Sunak is expected to make highly anticipated updates to the Bank of England’s mandate to include a greater focus on climate, alongside next week’s Budget. It is currently unclear exactly what this mandate change will look like, but campaigners are calling for the new wording to ensure that the Bank of England:

  • Get its own house in order: The Bank of England stops subsidising the dirtiest sectors of the economy through its policies, such as its £20bn corporate bond purchase scheme, which is currently aligned with 3.5C warming, and involves the Bank buying debt issued by the likes of Shell and BP

  • Stops the banks it regulates fuelling climate breakdown: The Bank of England uses its regulatory toolkit to prevent UK banks pouring billions of pounds into risky fossil fuel projects

  • Provide more funding for green alternatives: The Bank of England works with the Treasury to instead support investment in sustainable job-creating projects, by helping to fund a National Infrastructure Bank, and introducing green incentives to its Term Funding Scheme, which provides cheaper funding to lenders

The petition echoes a letter Sunak received from 125 leading experts in November, which outlined three key changes to existing Bank of England schemes to allow Britain’s central bank to support a fairer and greener recovery from the Covid crisis.

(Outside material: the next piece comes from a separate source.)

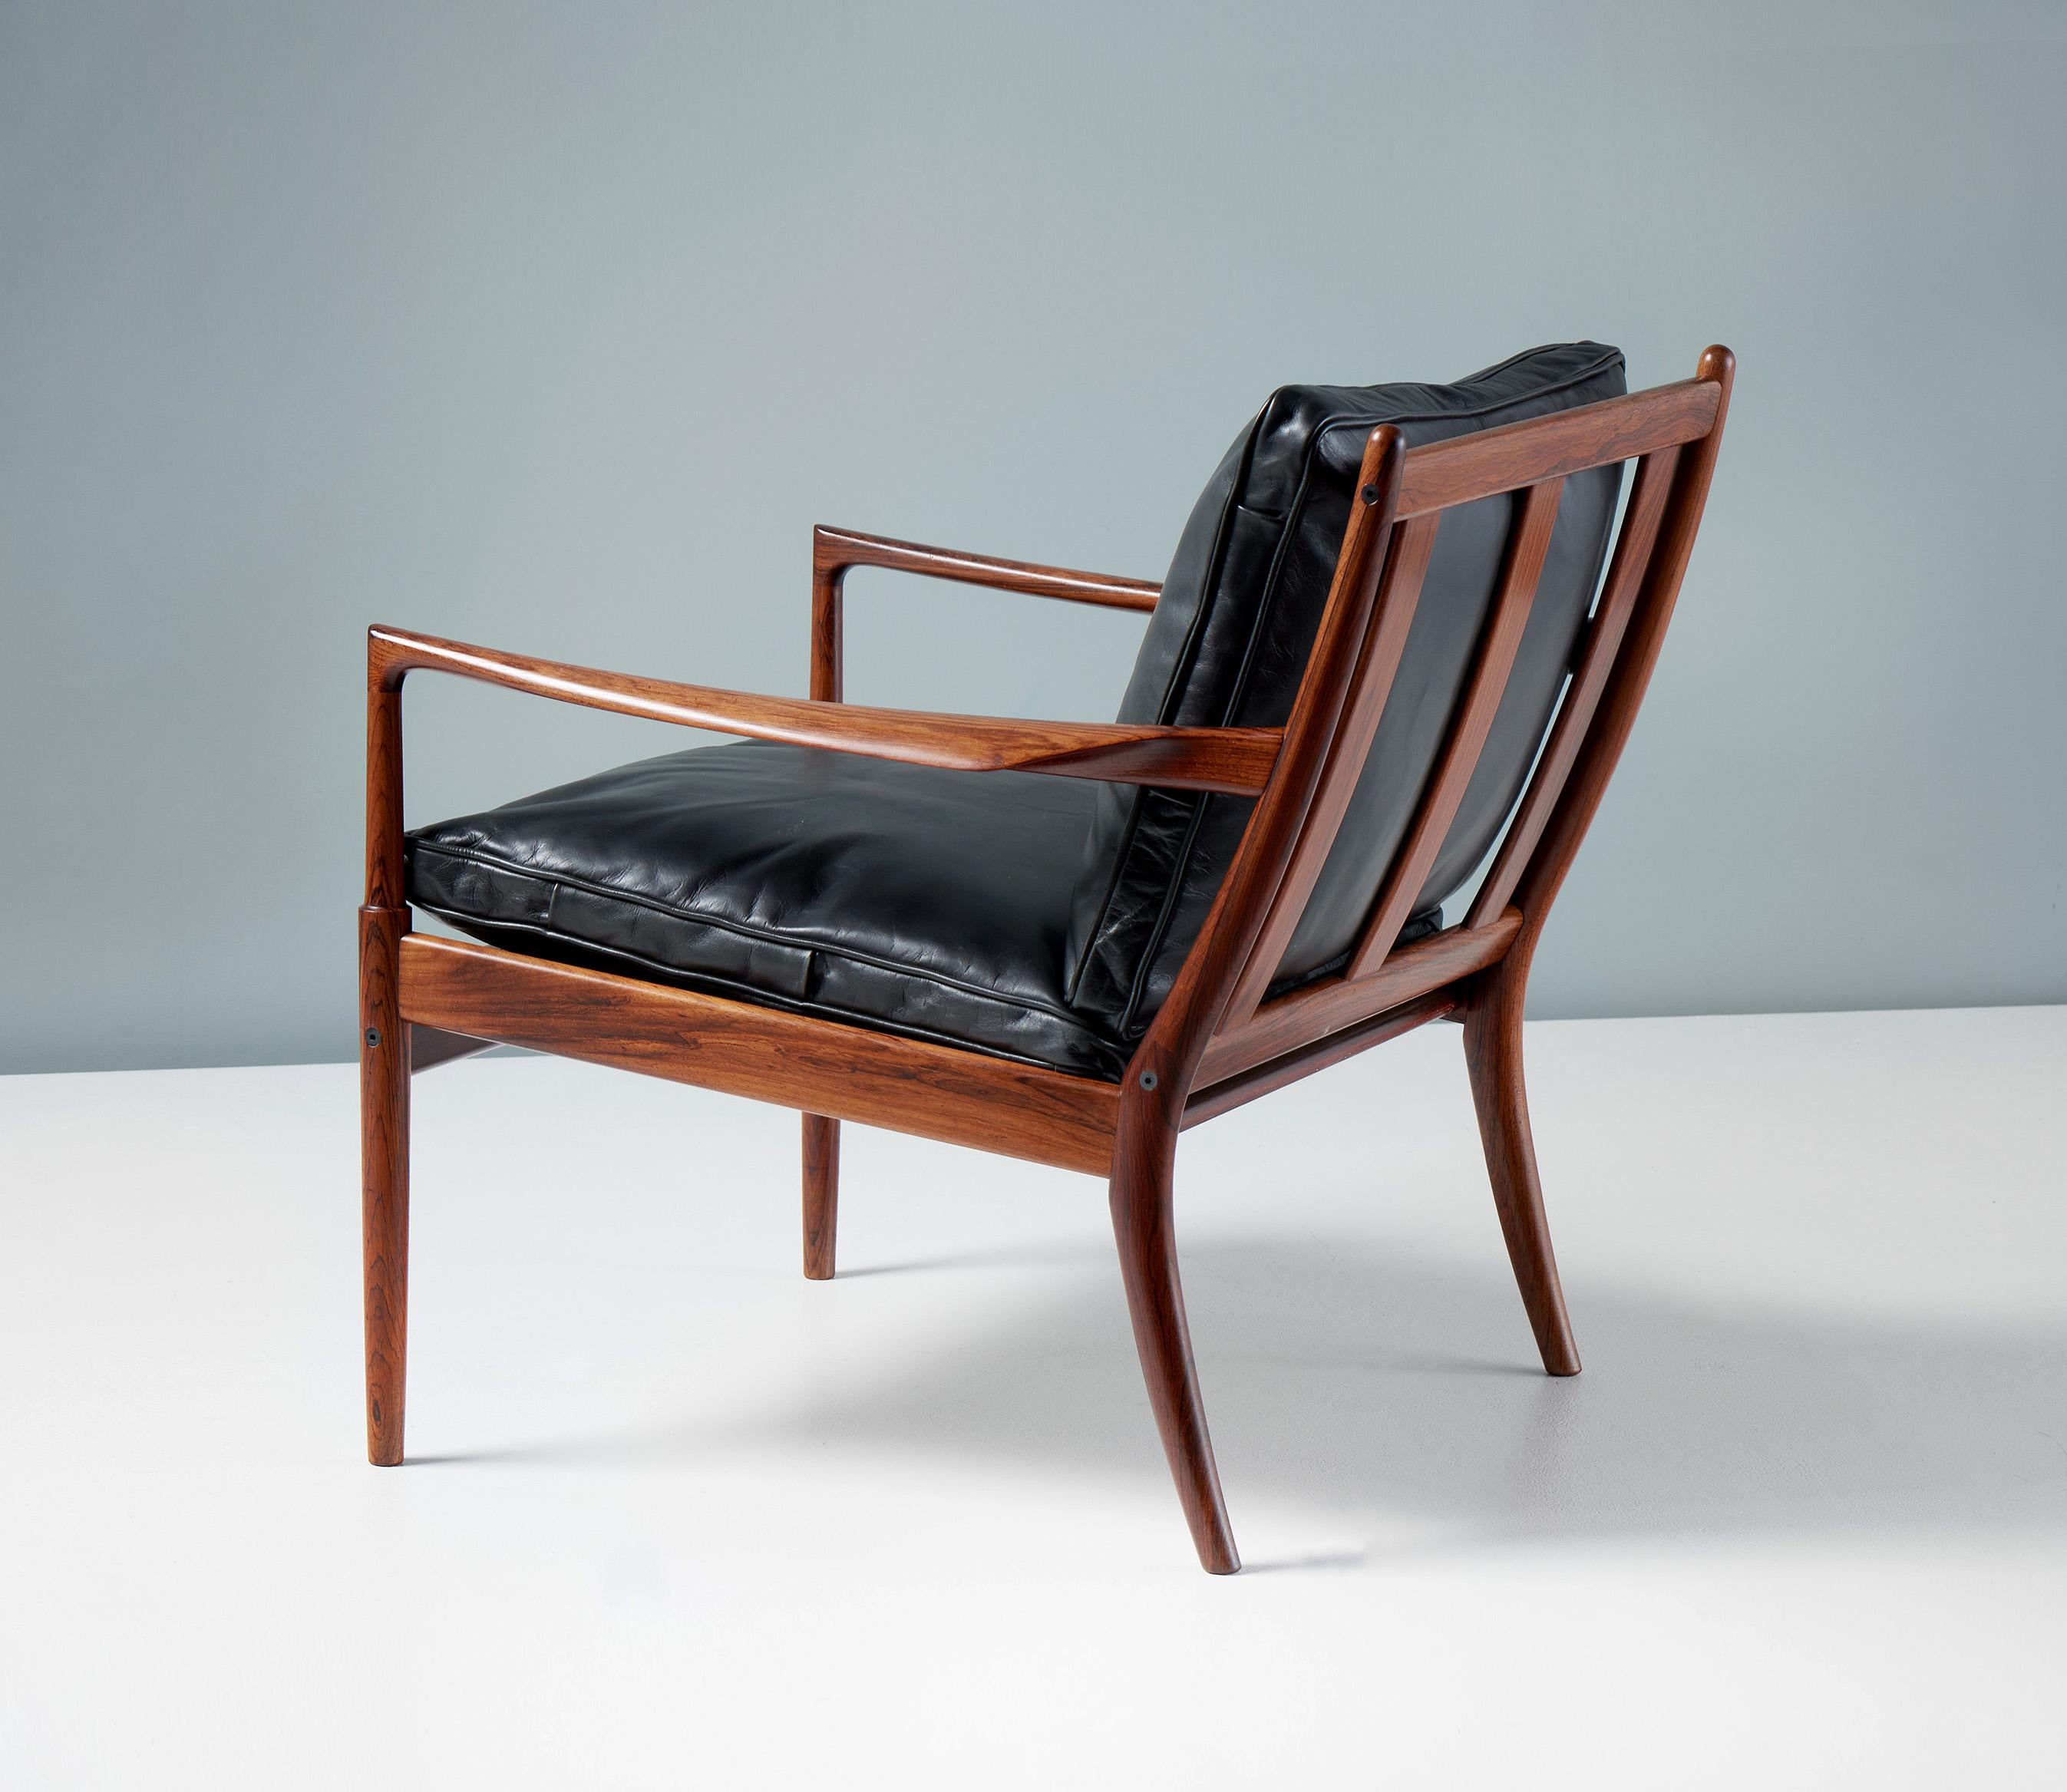 Ib Kofod-Larsen Rosewood Samso Chairs, c1950s In Excellent Condition For Sale In London, GB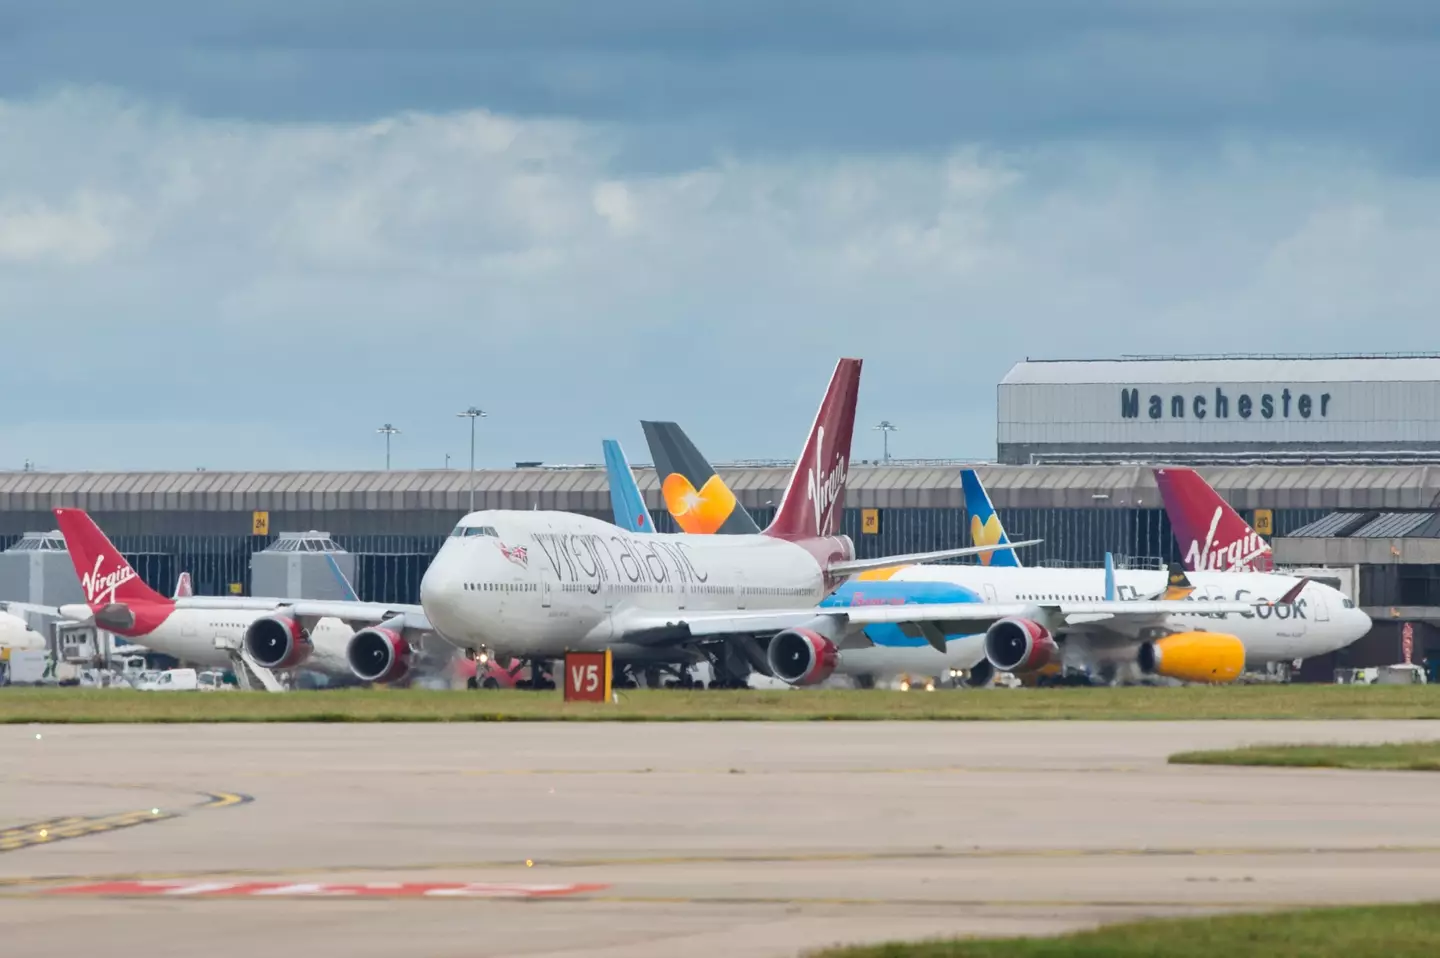 A major UK airport has been forced to close its runways.

As the institution tasked with overseeing Britain’s financial system, the Bank of England has a critical role to play in ensuring hundreds of billions of pounds are shifted away from fossil fuels and channeled into the green transition. But Britain’s central bank is currently falling behind its counterparts in other countries, such as Switzerland and Sweden, which have started excluding unsustainable assets from their market-shaping monetary policy operations.